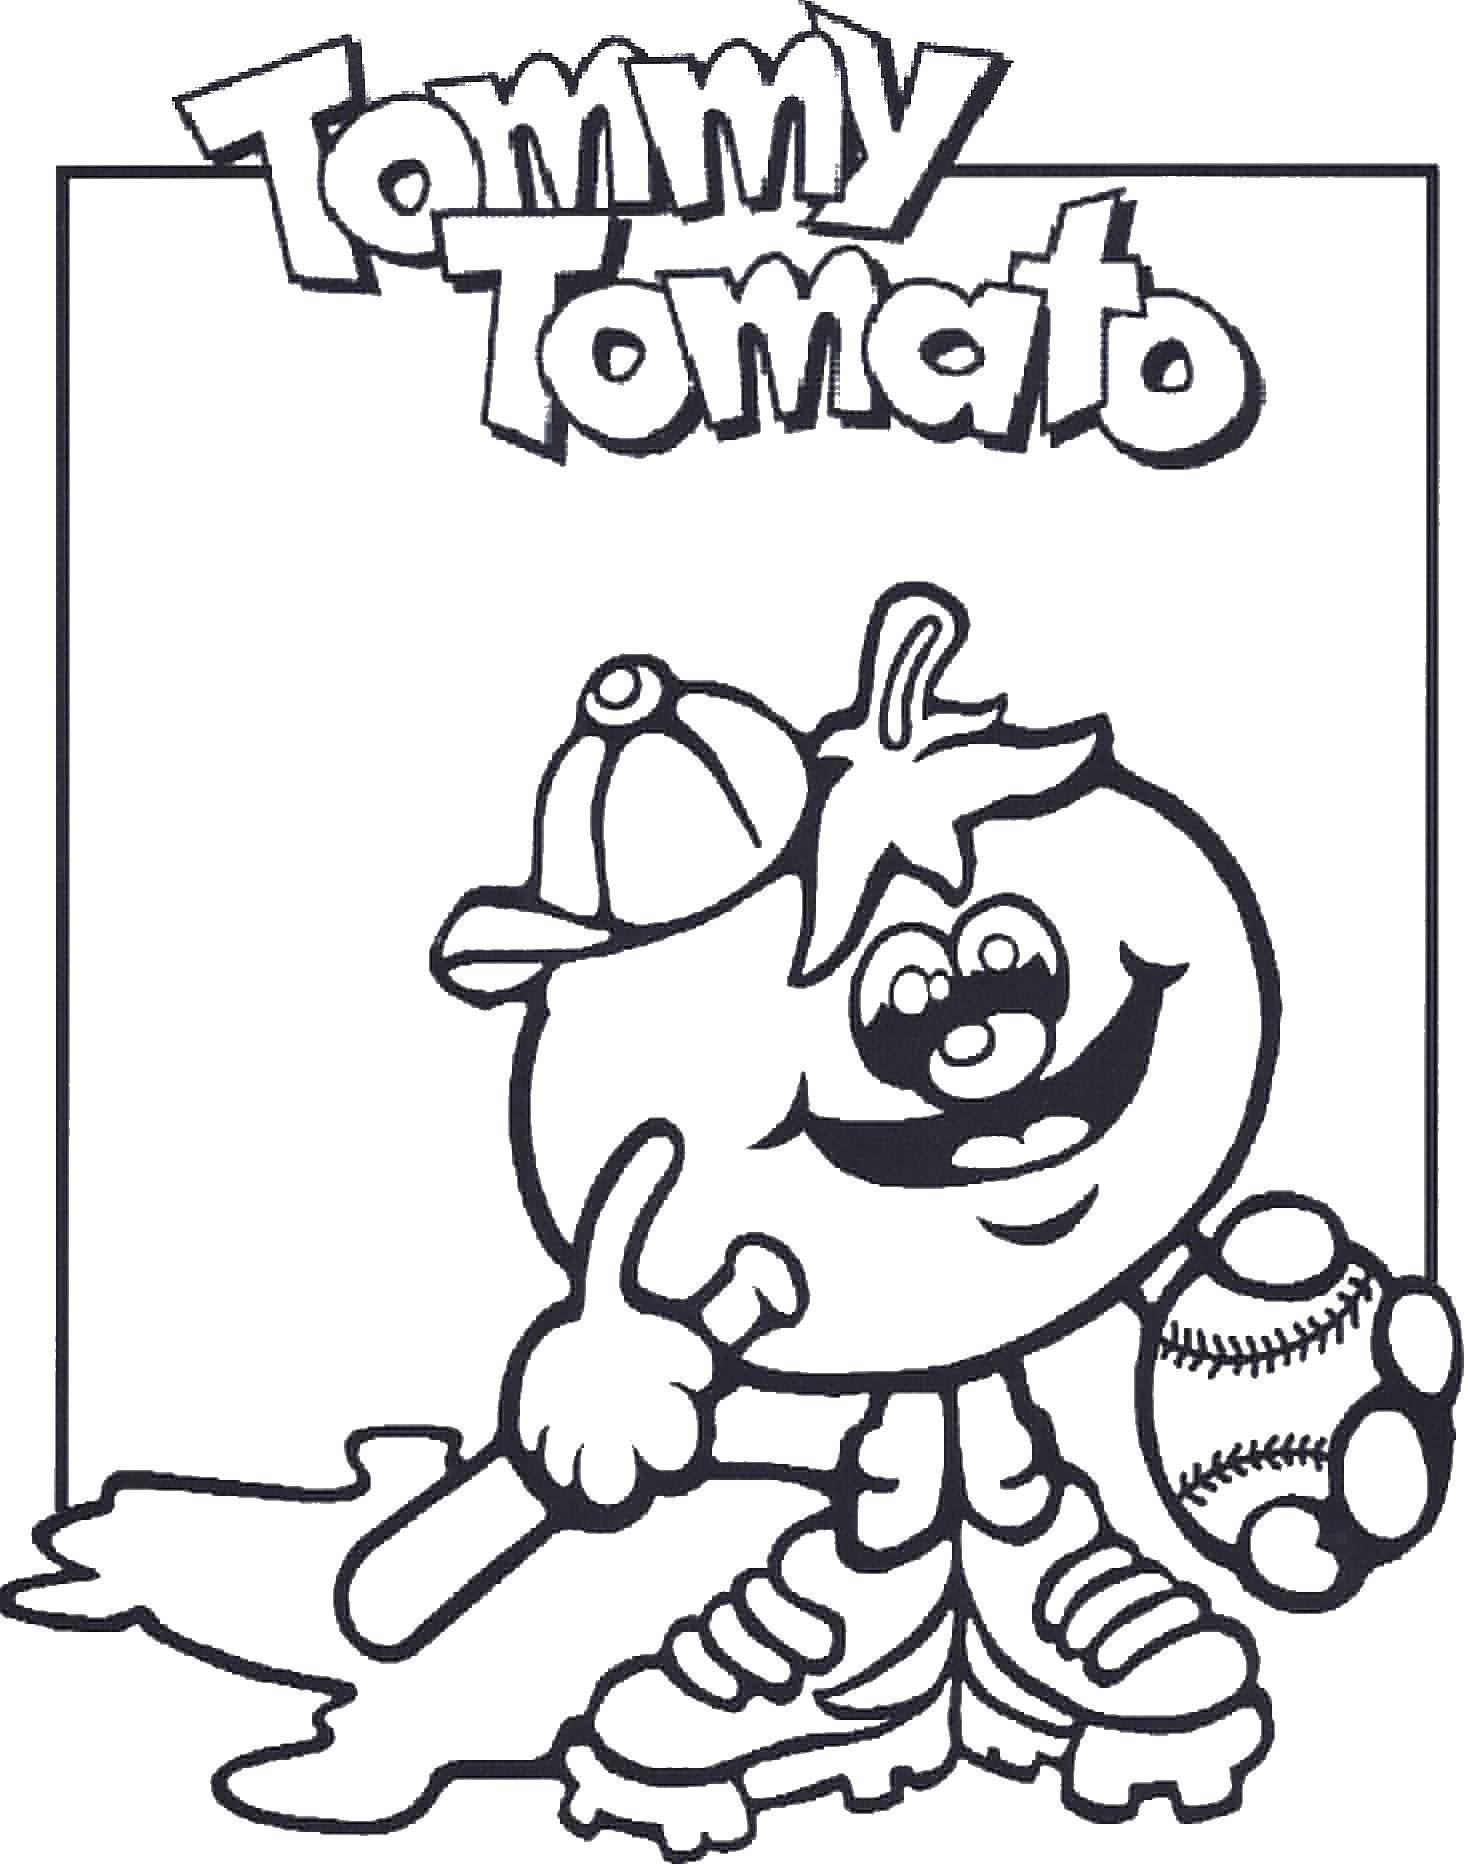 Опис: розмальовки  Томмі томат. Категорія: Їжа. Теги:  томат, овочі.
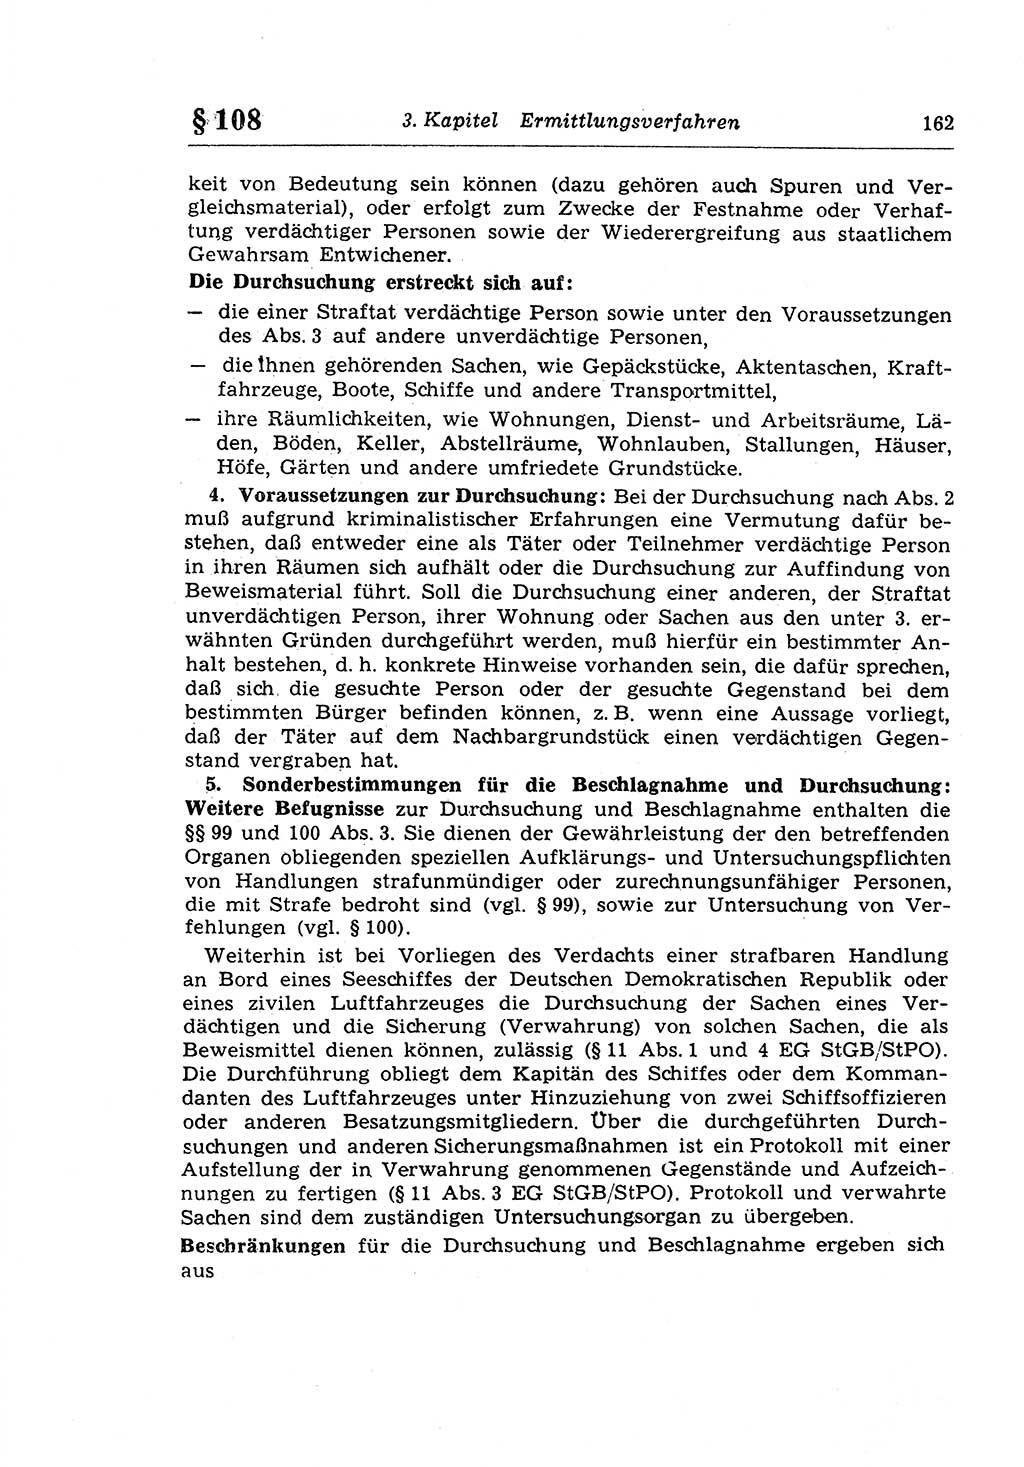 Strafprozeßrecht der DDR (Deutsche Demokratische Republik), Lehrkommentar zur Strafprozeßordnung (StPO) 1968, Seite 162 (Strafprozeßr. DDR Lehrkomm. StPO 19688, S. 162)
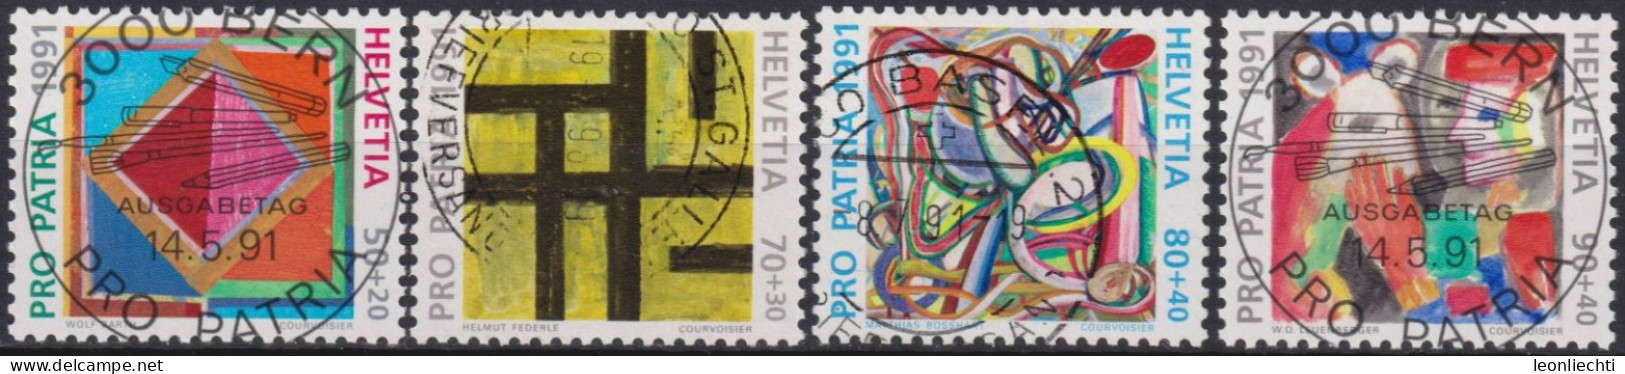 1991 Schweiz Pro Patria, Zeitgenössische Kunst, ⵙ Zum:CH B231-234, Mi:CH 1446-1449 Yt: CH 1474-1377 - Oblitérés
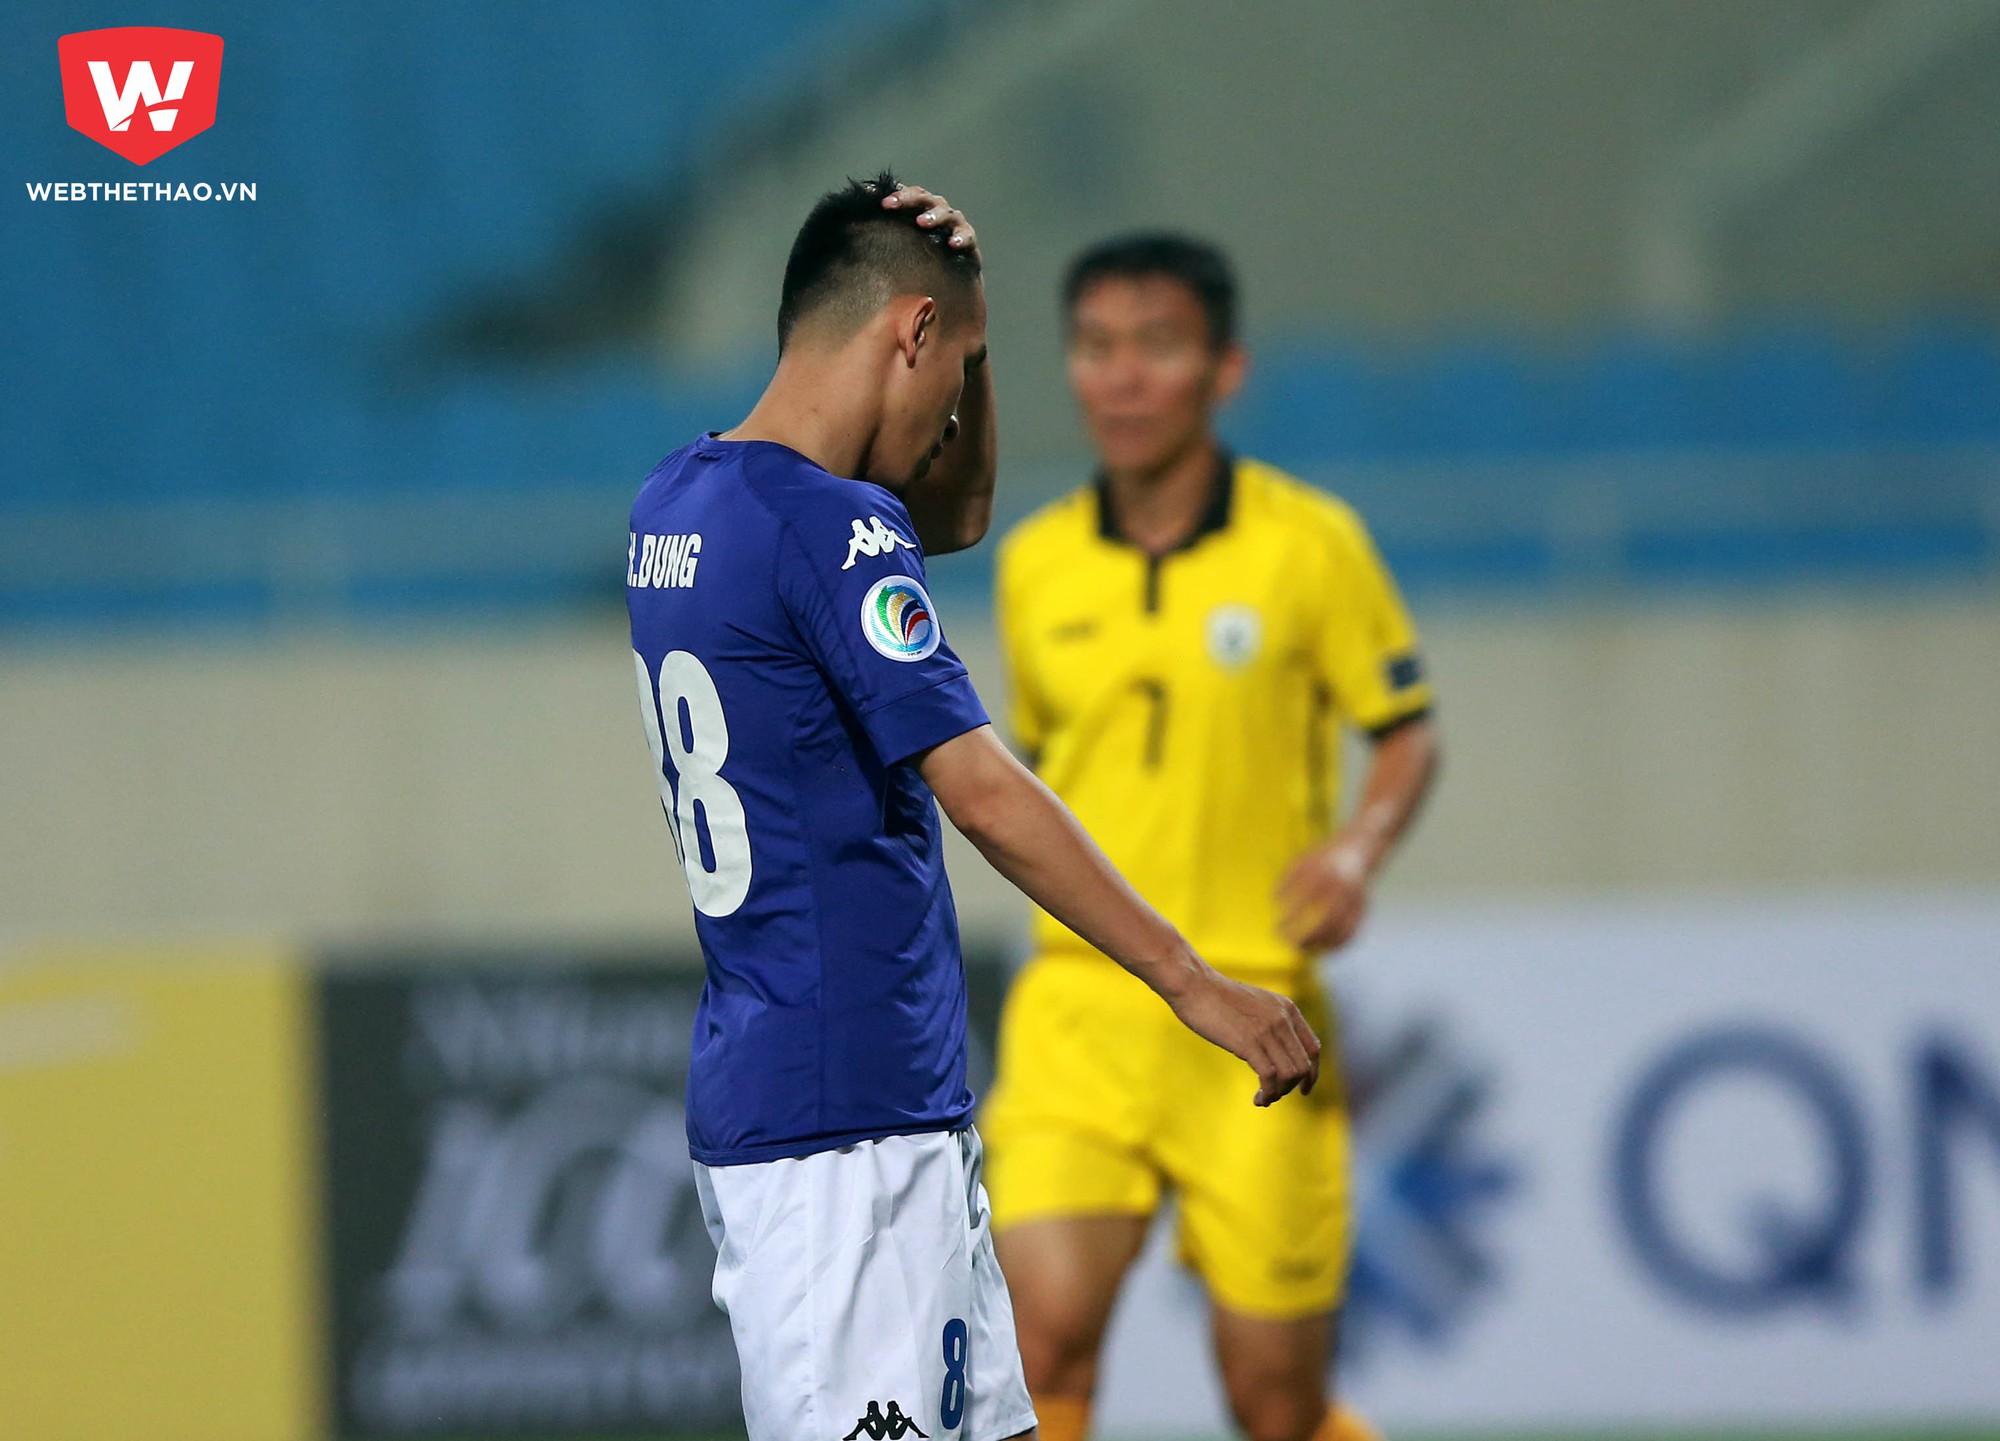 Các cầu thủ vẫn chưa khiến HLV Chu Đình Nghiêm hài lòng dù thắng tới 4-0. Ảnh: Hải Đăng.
□ □ □ □ □
EXERCISE GOAL: All of the material is to be reproduced verbatim, pictures excluded.

RESPONSE TO THE EXERCISE:
 Опис: розмальовки  Томмі томат. Категорія: Їжа. Теги:  томат, овочі.
 Strafprozeßrecht der DDR (Deutsche Demokratische Republik), Lehrkommentar zur Strafprozeßordnung (StPO) 1968, Seite 162 (Strafprozeßr. DDR Lehrkomm. StPO 19688, S. 162)
 1991 Schweiz Pro Patria, Zeitgenössische Kunst, ⵙ Zum:CH B231-234, Mi:CH 1446-1449 Yt: CH 1474-1377 - Oblitérés
 Các cầu thủ vẫn chưa khiến HLV Chu Đình Nghiêm hài lòng dù thắng tới 4-0. Ảnh: Hải Đăng.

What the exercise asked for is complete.